The version 3 of Python is incompatible with the 2.x series. In order to make pylint usable with Python3, I did some work on making the logilab-common library Python3 compatible, since pylint depends on it.
The strategy is to have one source code version, and to use the 2to3 tool for publishing a Python3 compatible version.
The first problem was that we use the pytest runner, that depends on logilab.common.testlib which extends the unittest module.
Without major modification we could use unittest2 instead of unittest in Python2.6. I thought that the unittest2 module was equivalent to the unittest in Python3, but then realized I was wrong:
I did not investigate if there are other unittest and unittest2 versions corresponding.
What we can see is that the 3.1 version of unittest is different from everything else; whereas the 2.6-unittest2 is equivalent to 3.2-unittest. So, after trying to run pytest on Python3.1 and since there is a backport of unittest2 for Python3.1, it became clear that the best is to ignore py3.1-unittest and work on Python3.2 and unittest2 directly.
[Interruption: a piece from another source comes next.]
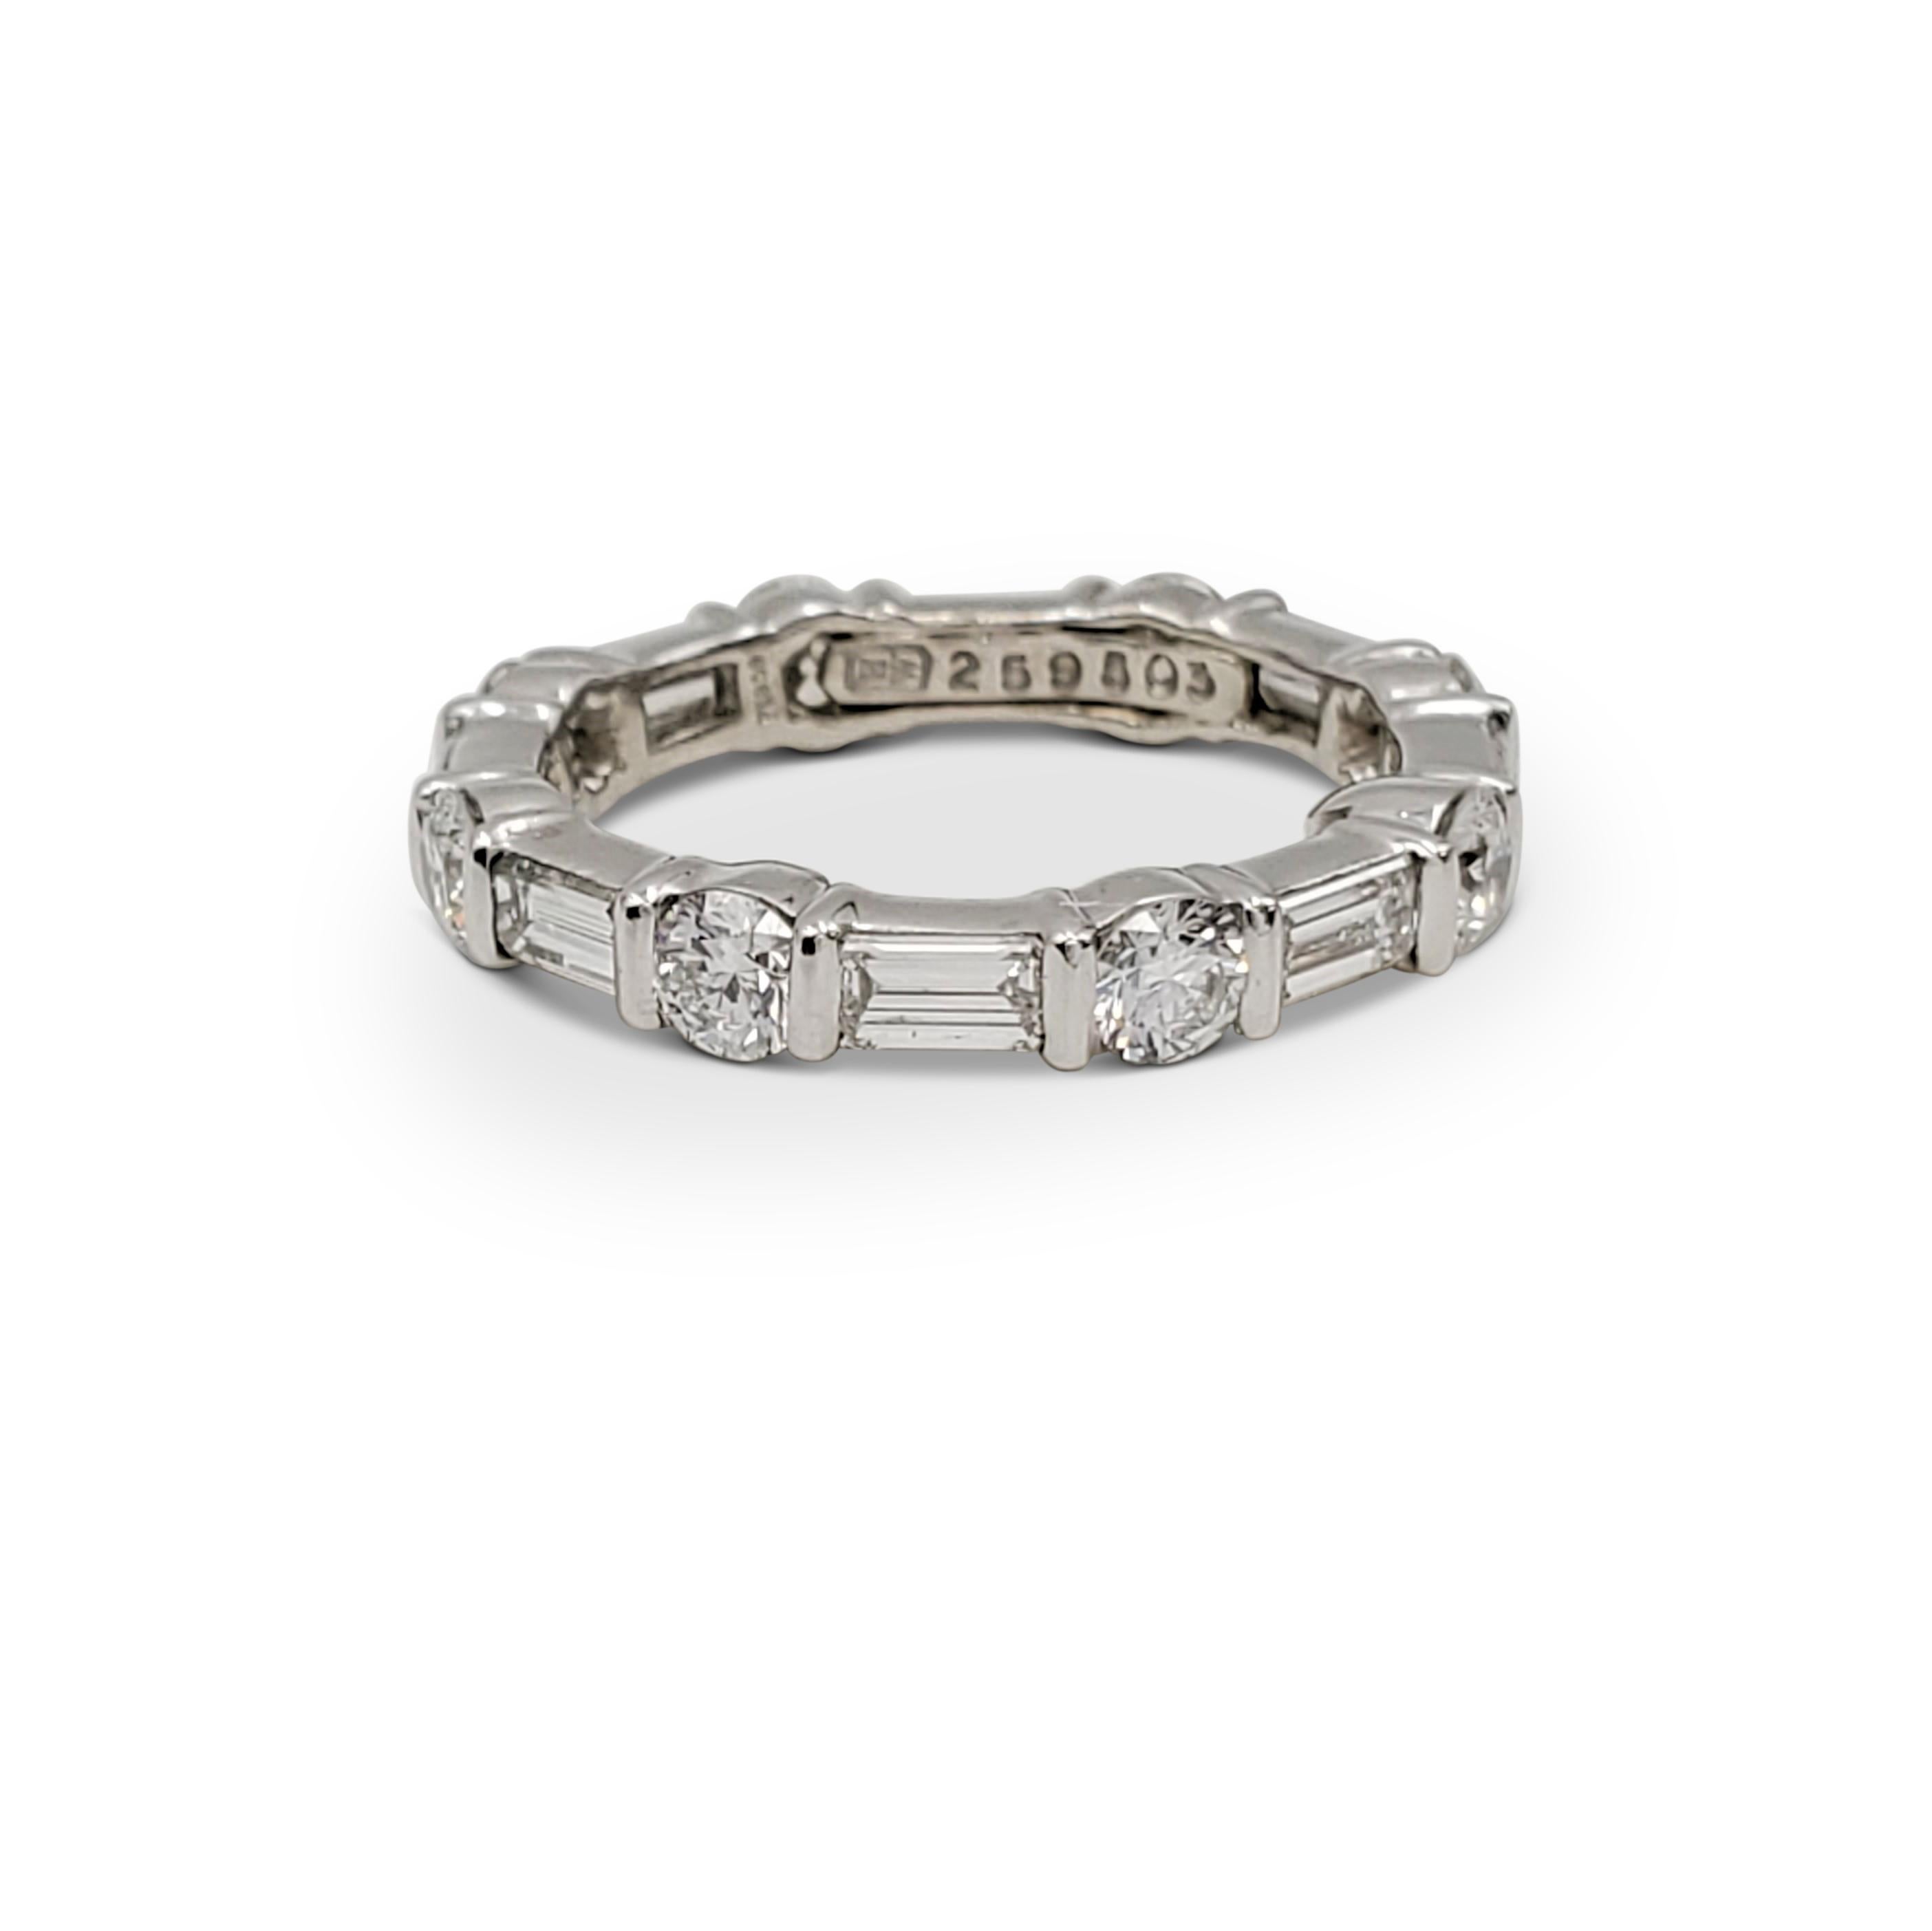 Authentic Harry Winston eternity band crafted in platinum and bar-set with alternating round brilliant and emerald-cut diamonds (E-F, VS) weighing an estimated 1.65 carats total weight. Signed HW, PT950, with serial number. Ring size 3 1/4. The ring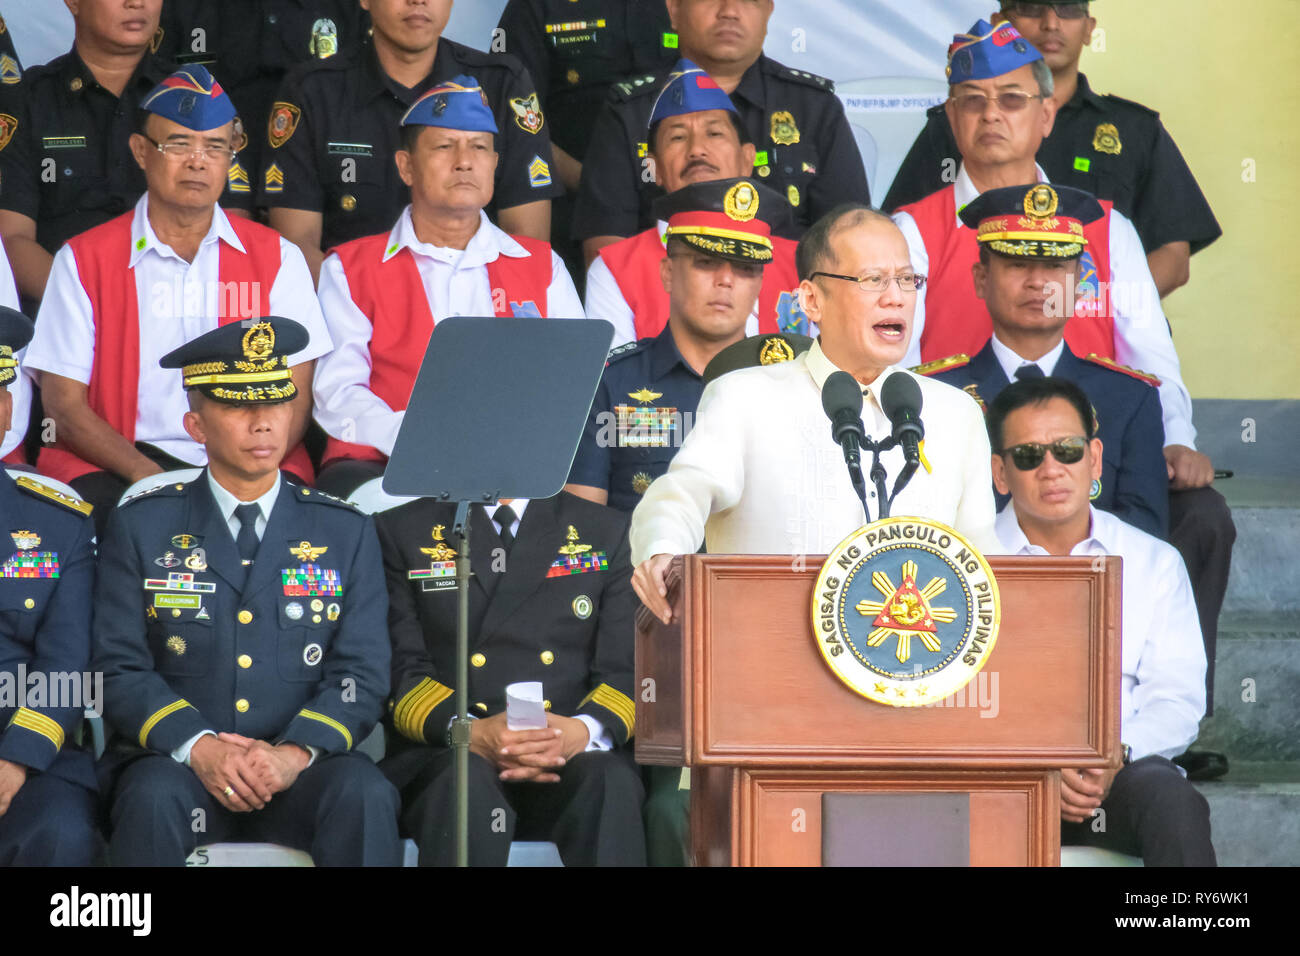 Benigno Aquino III, the 15th President of the Philippines, speaking in front of military men at 74th Bataan Day Anniversary - Mount Samat, Philippines Stock Photo

Meanwhile, some work was being done on logilab-common to switch from unittest to unittest2. This was included in logilab.common-0.52.
The -3 option of python2.6 warns about Python3 incompatible stuff.
Since I already knew that pytest would work with unittest2, I wanted to know as fast as possible if pytest would run on Python3.x. So I run all logilab.common tests with "python2.6 -3 bin/pytest" and found a couple of problems that I quick-fixed or discarded, waiting to know the real solution.
The 2to3 script (from the 2to3 library) does its best to transform Python2.x code into Python3 compatible code, but manual work is often needed to handle some cases. For example file is not considered a deprecated base class, calls to raw_input(...) are handled but not using raw_input as an instance attribute, etc. At times, 2to3 can be overzealous, and for example do modifications such as:
- for name, local_node in node.items(): + for name, local_node in list(node.items()):
After a while, I found that the best solution was to adopt the following working procedure:
2to3-2.6 -n -w *py test/*py ureports/*py
Since we are in a mercurial repository we don't need backups (-n) and we can write the modifications to the files directly (-w).
I used two repositories when working on logilab.common, one for Python2 and one for Python3, because other tools, like astng and pylint, depend on that library. Setting the PYTHONPATH was enough to get astng and pylint to use the right version.
import __builtin__ as builtins # 2to3 will tranform '__builtin__' to 'builtins'
The most difficult point is the replacement of str/unicode by bytes/str.
In Python3.x, we only use unicode strings called just str (the u'' syntax and unicode disappear), but everything written on disk will have to be converted to bytes, with some explicit encoding. In Python3.x, file descriptors have a defined encoding, and will automatically transform the strings to bytes.
I wrote two functions in logilab.common.compat. One converts str to bytes and the other simply ignores the encoding in case of 3.x where it was expected in 2.x. But there might be a need to write additional tests to make sure the modifications work as expected.
As a general conclusion, I found no need for using sa2to3, although it might be a very good tool. I would instead suggest to have a small compat module and keep only one version of the code, as far as possible. The code base being either on 2.x or on 3.x and using the (possibly customized) 2to3 or 3to2 scripts to publish two different versions.